- _DIRECTIONS FOR THIS TASK_: Lower down are entries containing pictures. Copy exactly, without those pictures, the lines from the line with "Wallpaper Horse Deviantart" through the line with "Building along the".

- _MATERIALS PROVIDED_:
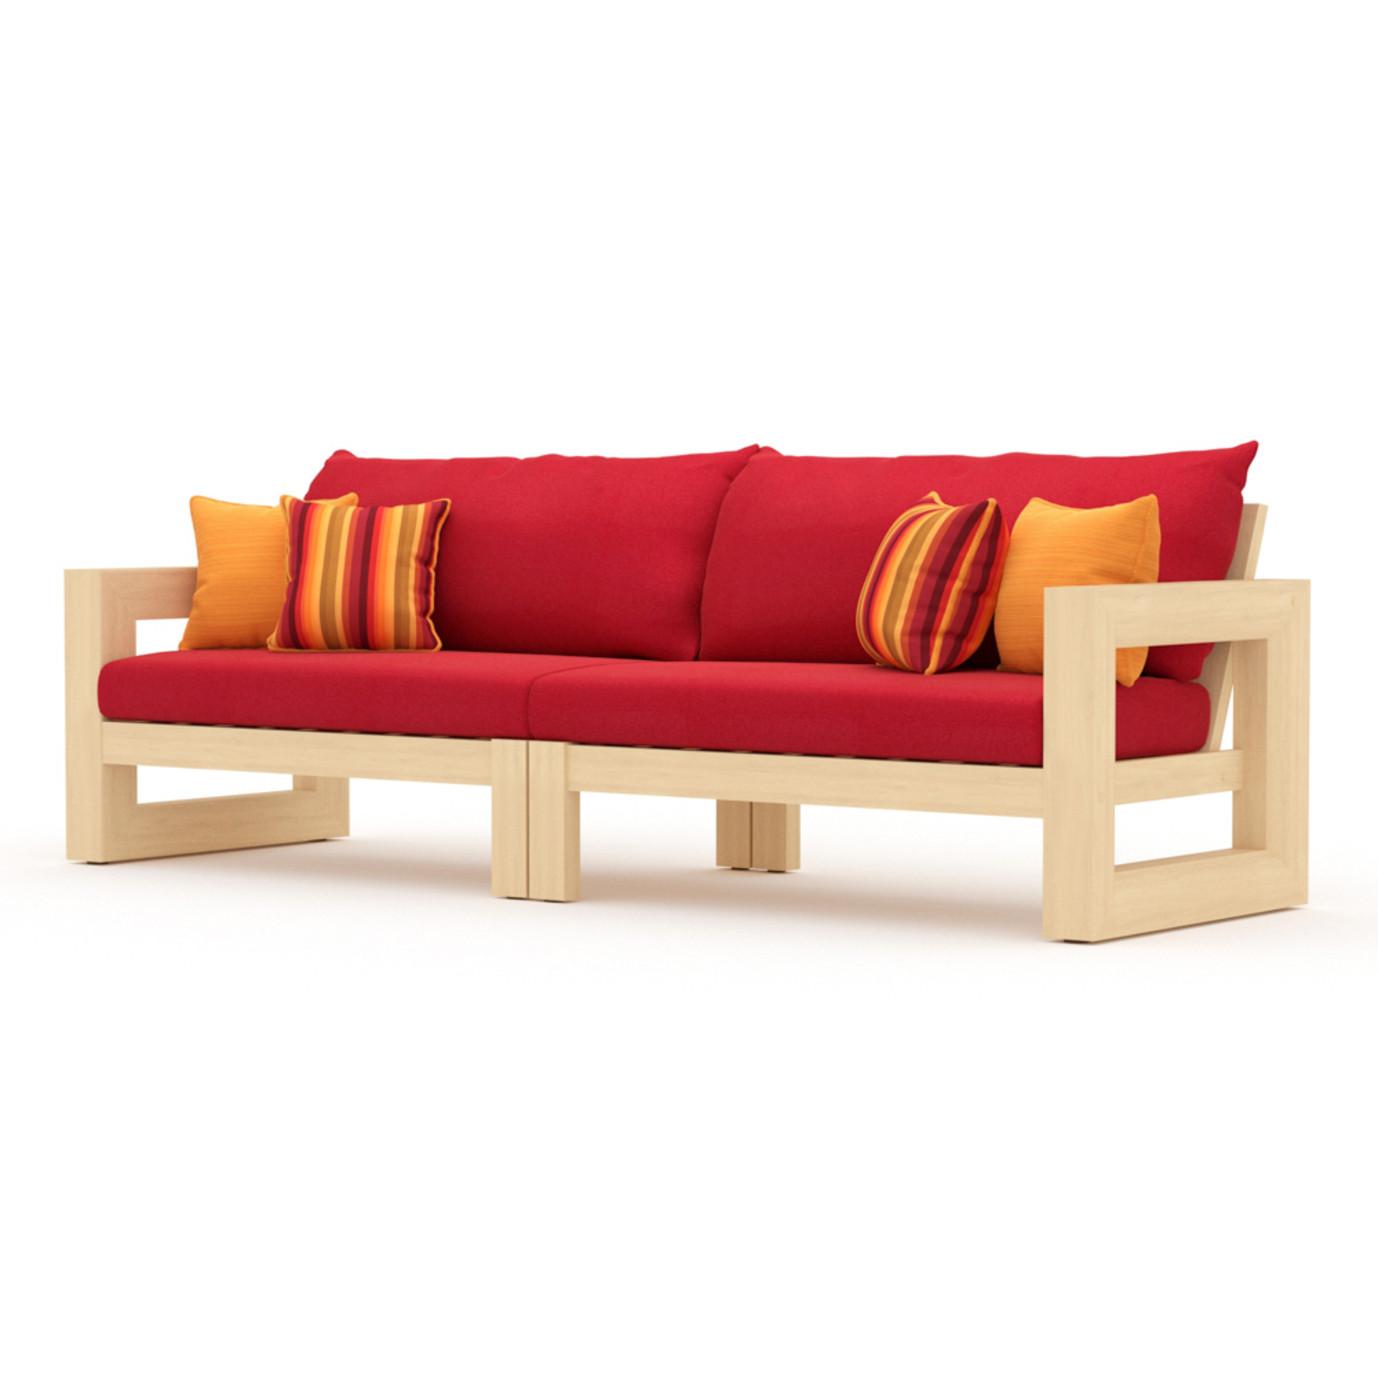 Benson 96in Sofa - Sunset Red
--
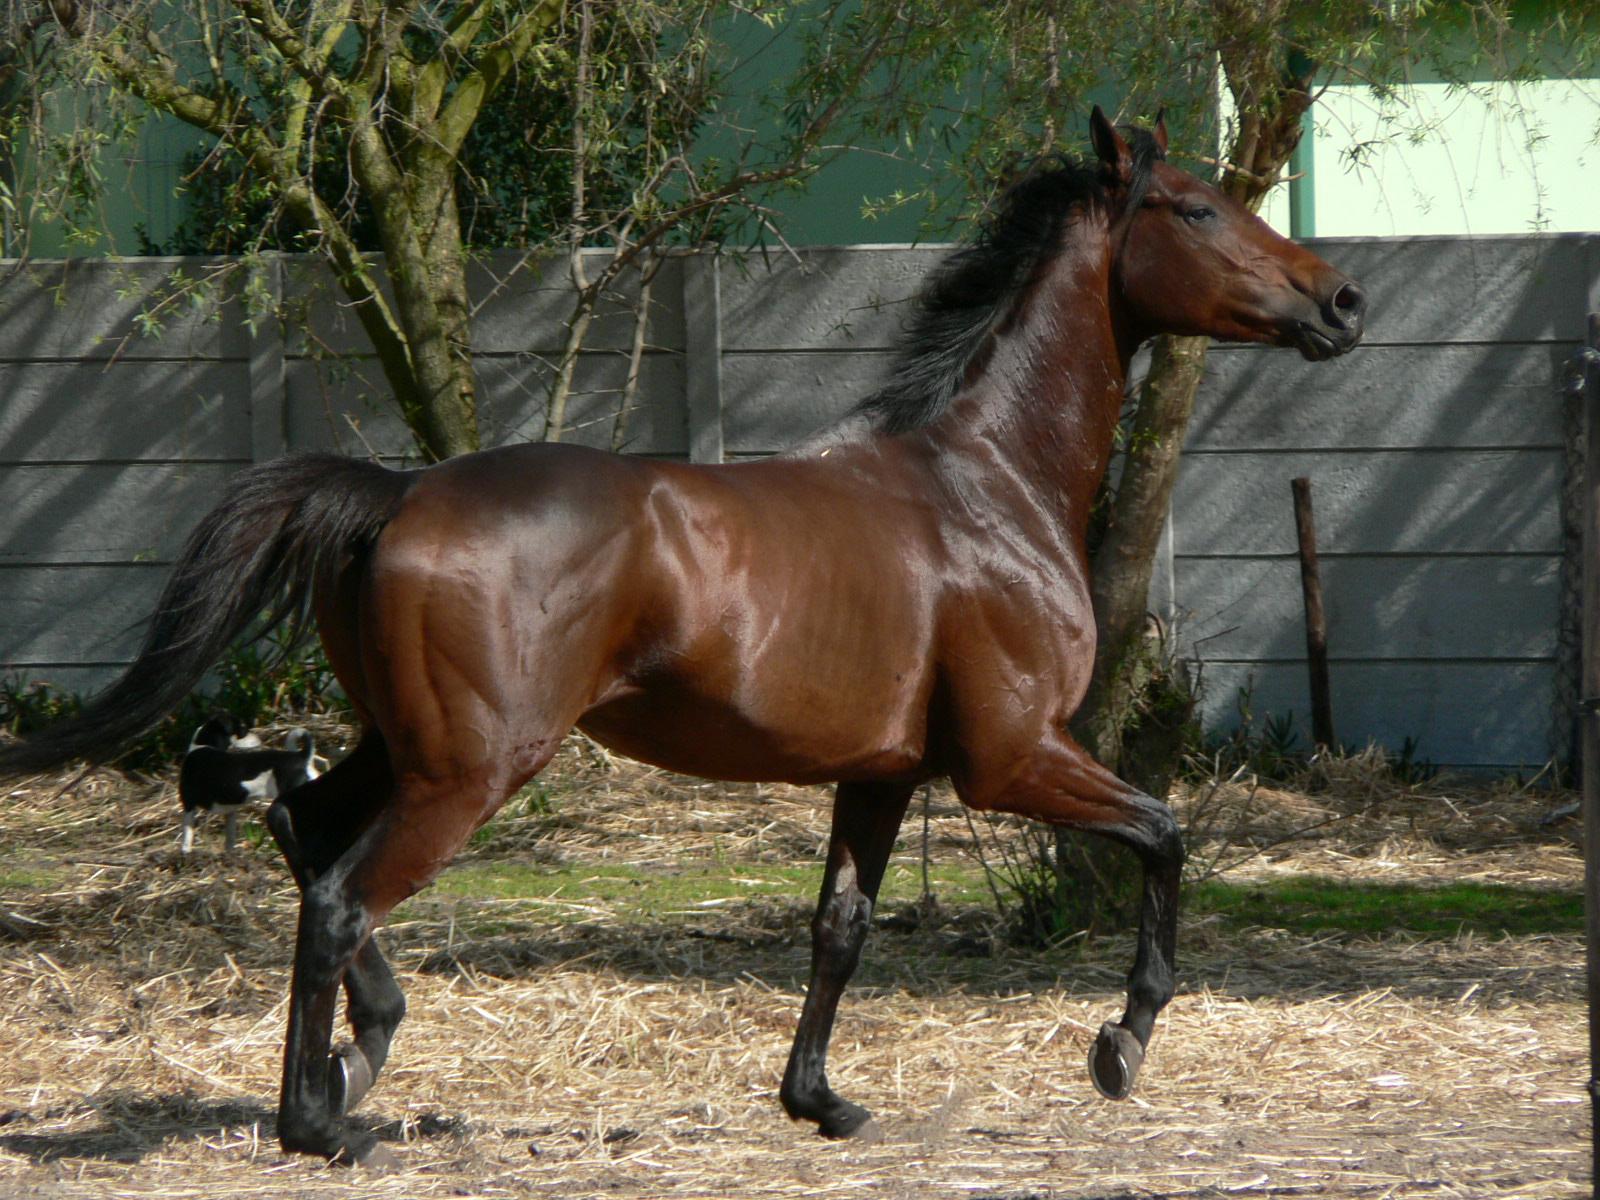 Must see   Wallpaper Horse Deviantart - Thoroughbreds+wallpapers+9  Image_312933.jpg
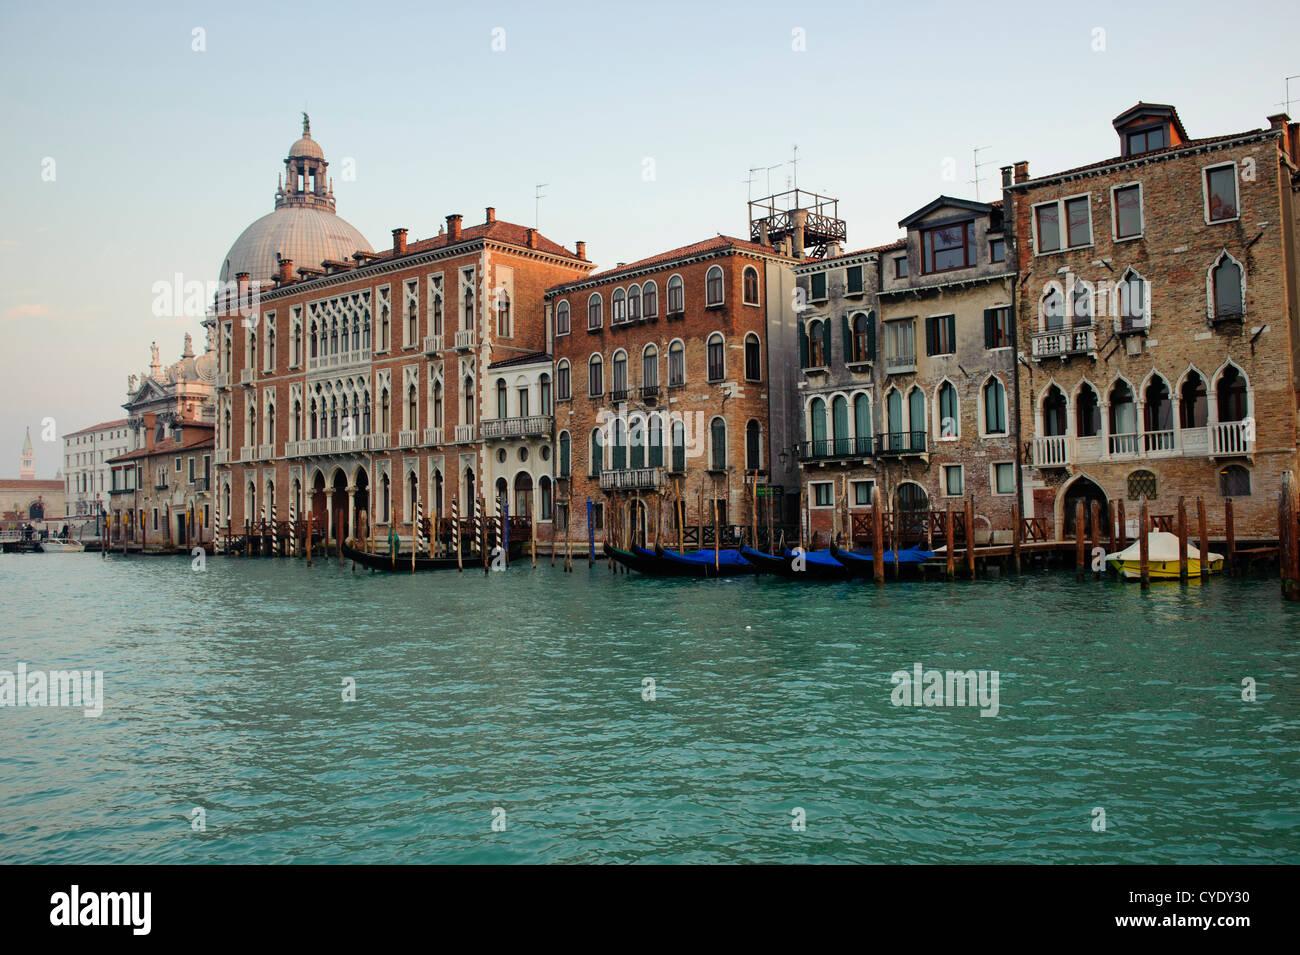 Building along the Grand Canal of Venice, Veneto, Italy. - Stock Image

- _WRITTEN RESPONSE_:
 Must see   Wallpaper Horse Deviantart - Thoroughbreds+wallpapers+9  Image_312933.jpg
 Building along the Grand Canal of Venice, Veneto, Italy. - Stock Image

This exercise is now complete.